Dan jika bunga‑bunga
mawar mengeluarkan bau keringat kuda. Demikian pula aku heran padamu yang telah
menukar sorga dengan dunia. Aku tak ingin memahamimu.”
“Kutunjukkan padamu kejijikanku atas cara hidupmu, kutolak
dua juta itu yang pernah kuimpikan sebagai sorga, dan yang kini kuanggap hina.
Aku cabut hakku atasnya, aku akan keluar dari sini lima menit sebelum waktunya,
dengan demikian akan batallah persetujuan itu.”
Setelah membacanya, sang bankir meletakkan kembali kertas
tersebut di atas meja, dikecupnya kepala orang asing itu, dan iapun mulai
menangis.
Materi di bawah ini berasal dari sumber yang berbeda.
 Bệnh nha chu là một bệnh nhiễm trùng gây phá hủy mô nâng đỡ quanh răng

Ia keluar dari paviliun itu. Tak pernah sebelumnya, bahkan juga
setelah mengalami kerugian besar di bursa saham, ia merasa begitu jijik kepada
dirinya sendiri seperti sekarang ini. Setelah tiba di rumah, ia membaringkan
tubuhnya di atas dipan, tapi gejolak batin dan air mata menahannya untuk tidur
selama beberapa saat.
Pada paginya sang pengawas yang malang mendatanginya dengan
berlari‑lari dan
melaporkan bahwa mereka telah melihat pria yang tinggal di paviliun itu memanjat
jendela dan turun ke kebun. Ia telah pergi ke pintu gerbang dan menghilang.
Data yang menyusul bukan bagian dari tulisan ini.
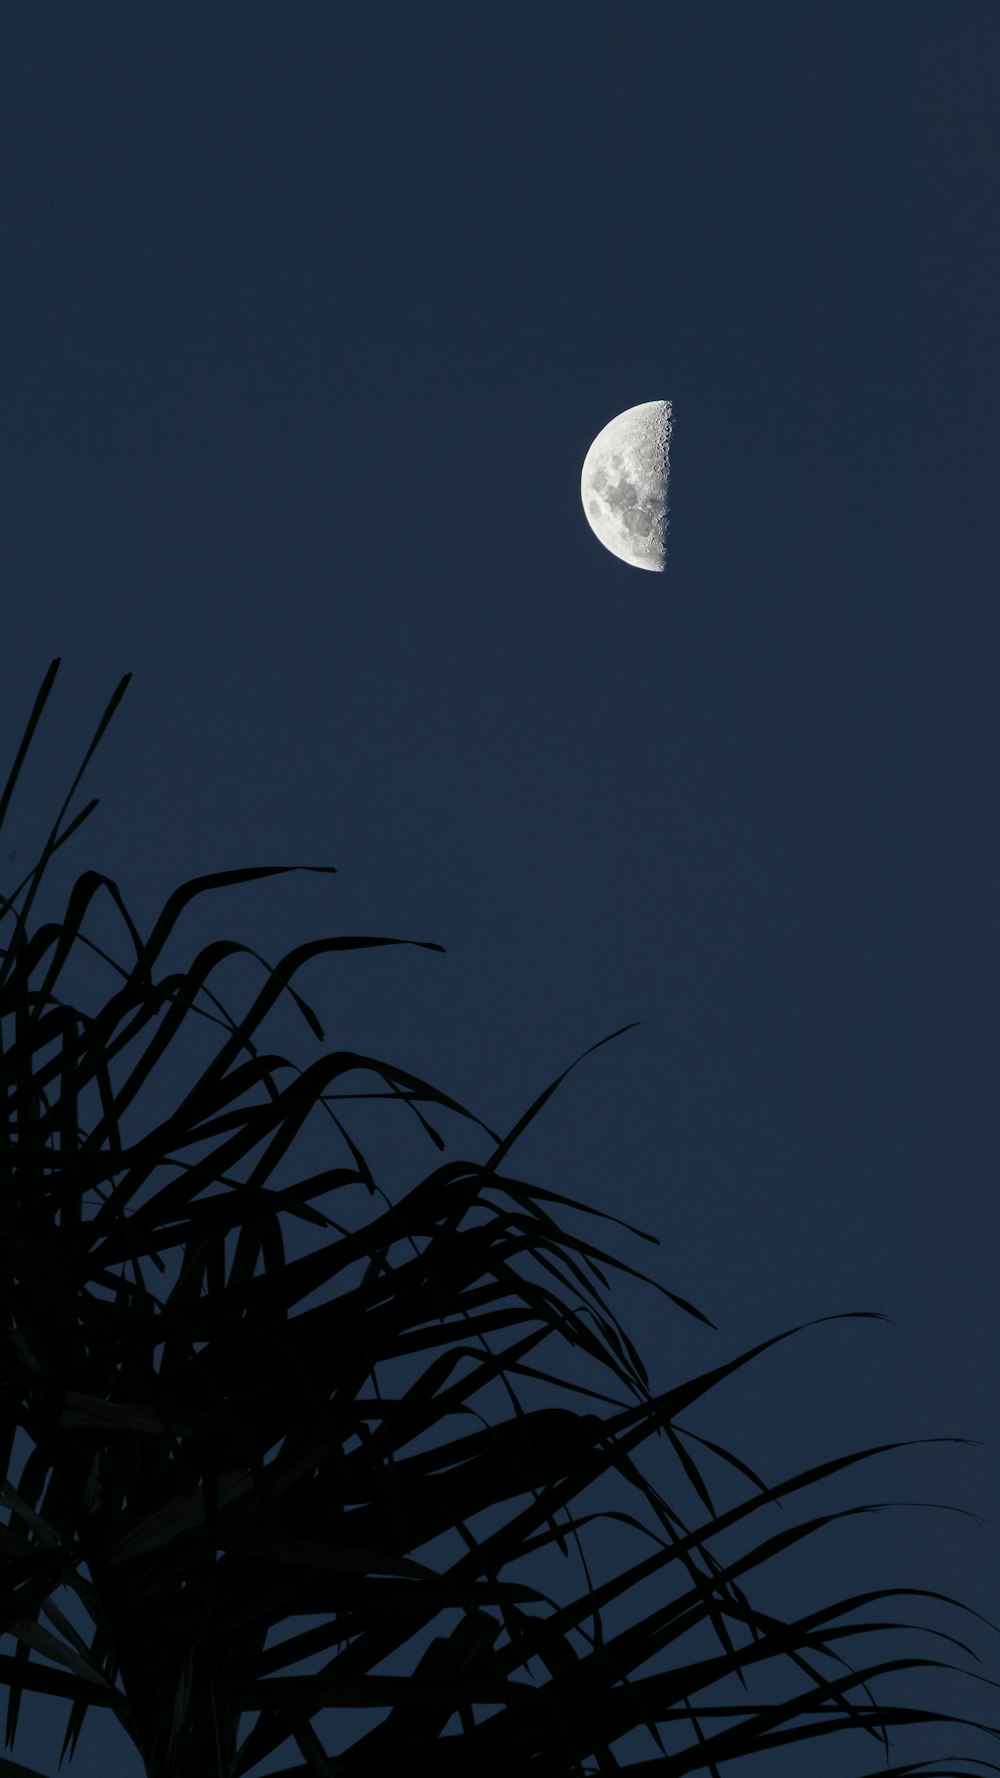 La luna se ve a través de las ramas de una palmera

Sang bankir segera pergi bersama para pembantunya ke paviliun tadi dan
mendapatkan tahanannya telah melepaskan diri. Untuk menghindari desas‑desus yang tak diinginkan ia mengambil
surat yang berisi pernyataan penolakan itu dari atas meja dan setelah kembali
ke rumah menyimpannya di peti besinya.